I agree that this is what they were going for. I don’t think they succeeded. Panic attacks are not something that you have for a minute and then get up and walk away from. Robert Downey Jr acted them superbly, no quibbles there, but while the PTSD made complete sense to me, his easy recovery from them made absolutely none. They only debilitated him for seconds at a time.
Doctor Submarine wrote:And I loved Pepper saving Tony at the end. It calls back to her covering him during the attack on his mansion. It gives their relationship a dynamic that no superhero movie (save The Incredibles) has had before.
Maybe, but she wasn’t really in control of those powers. And the feminist in me took mild offence at his later assertion that he “fixed her”. (Yes, I’m aware that I just contradicted myself…)
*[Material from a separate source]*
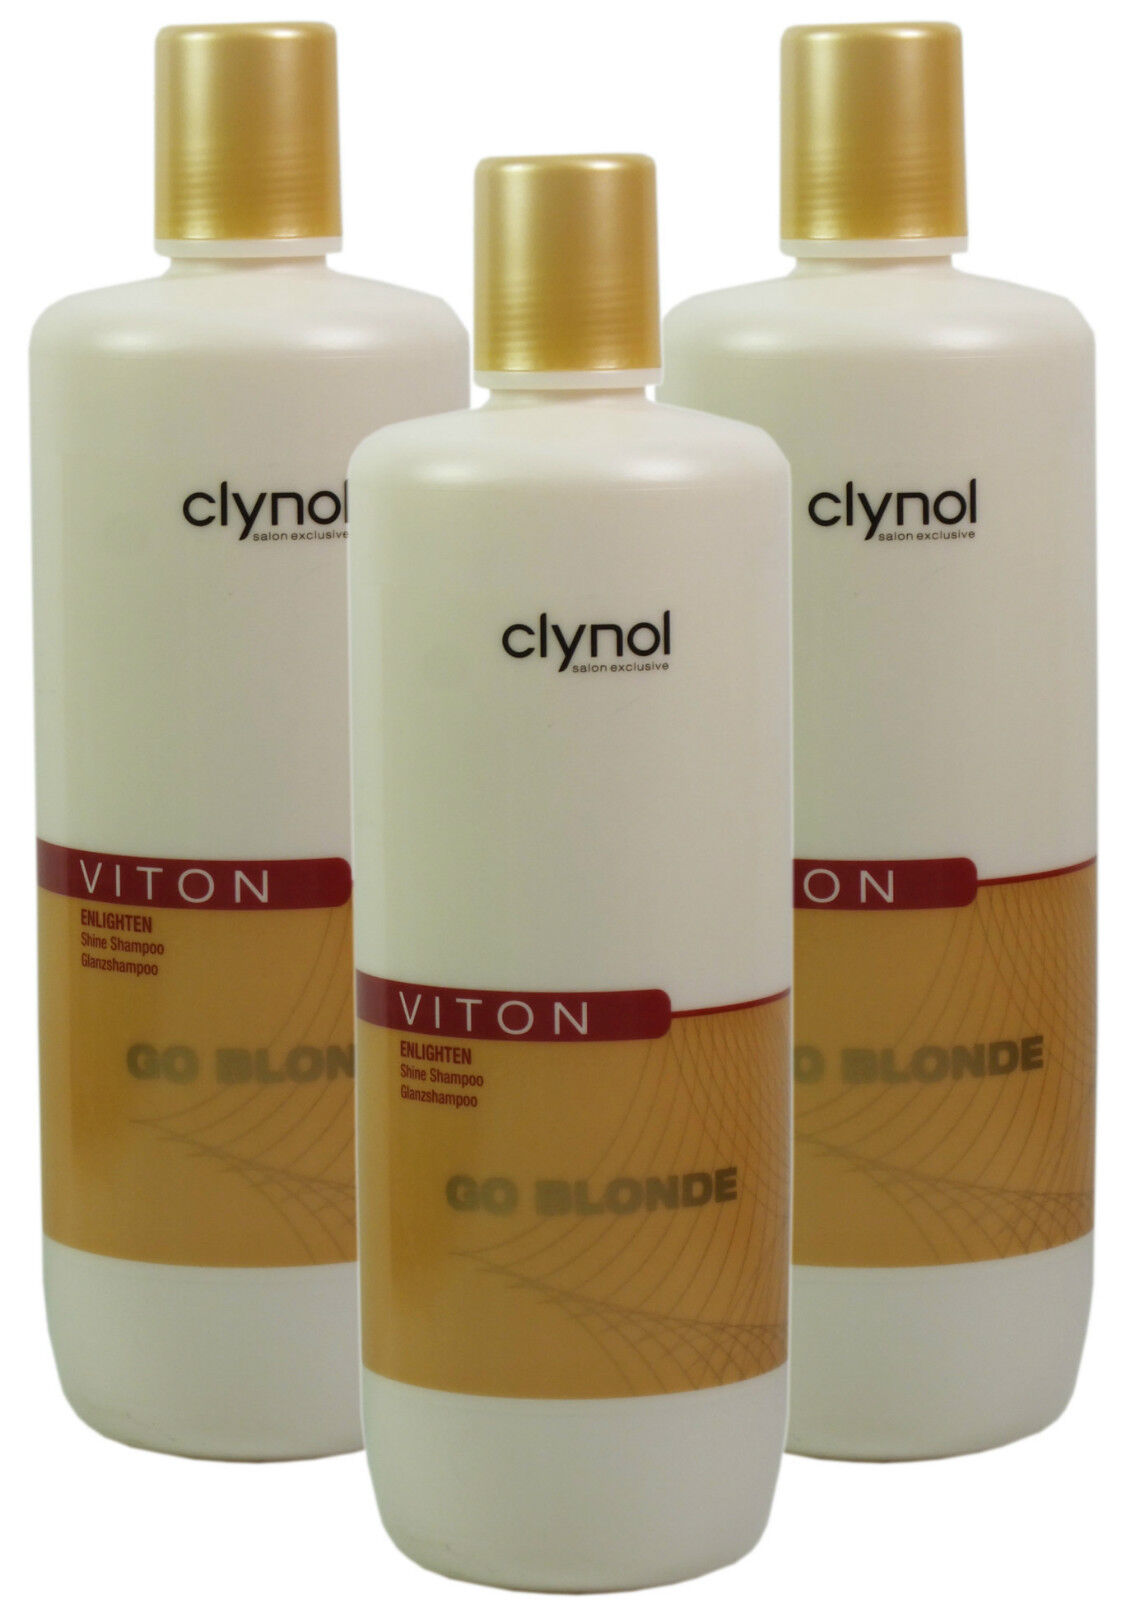 3x Clynol Viton Go Blonde Enlighten Shine Shampoo 1 Litre

Jimmy B wrote:I totally buy that a traumatised Tony made all those other suits in order to try to get over his ordeal in New York.
I do too, I just think he should’ve only made one, and had an arc as outlined at the start of my post. It was never really made clear that his reason for making other suits was because he didn’t want to be inside the suit anymore (if that’s even the point the movie was trying to make).
fireproof78 wrote:So, I think in 3 (and bear in mind I haven't seen it but have gathered enough from this thread to make a preliminary diagnosis ) he is literally going from dependent on the suit to not needing the suit but still calling himself "Iron Man" because he feels that what makes Iron Man special is himself, not the suit.
In theory yes, that's what they were going for. But the movie fails to make him EARN that. In my opinion.
And before I go, I also want to add that I found all of the scenes with the Mandarin being a scary Middle Eastern terrorist incredibly offensive. Whether or not the Mandarin was a “real” threat or not… The scene in Pakistan when “Iron Patriot” shows up and threatens to shoot a group of men and then gets on his phone and chats to Tony while the Pakistani men just stand there, apparently eavesdropping and laughing at his conversation… NO. Just no. How dare you, movie? And the women working in the factory – “You’re free, if you weren’t before.” SHUT UP MOVIE. I had such MAJOR issues with all of that. The implication that Americans can just fly around the world, spreading their democracy and fixing the world… the arrogance of it all horrified me. Sure, the political allegory in Star Trek: Into Darkness was pretty heavy-handed, but at least it was asking people to look at themselves critically and decide where their morals lie, and what level they are prepared to stoop to in the pursuit of those who threaten them.
(And yes, I’m well aware that I don’t live in a country that has been directly affected by threats of terrorism, and perhaps my opinion would be different if I did, but that doesn’t stop me from having the opinions that I have.)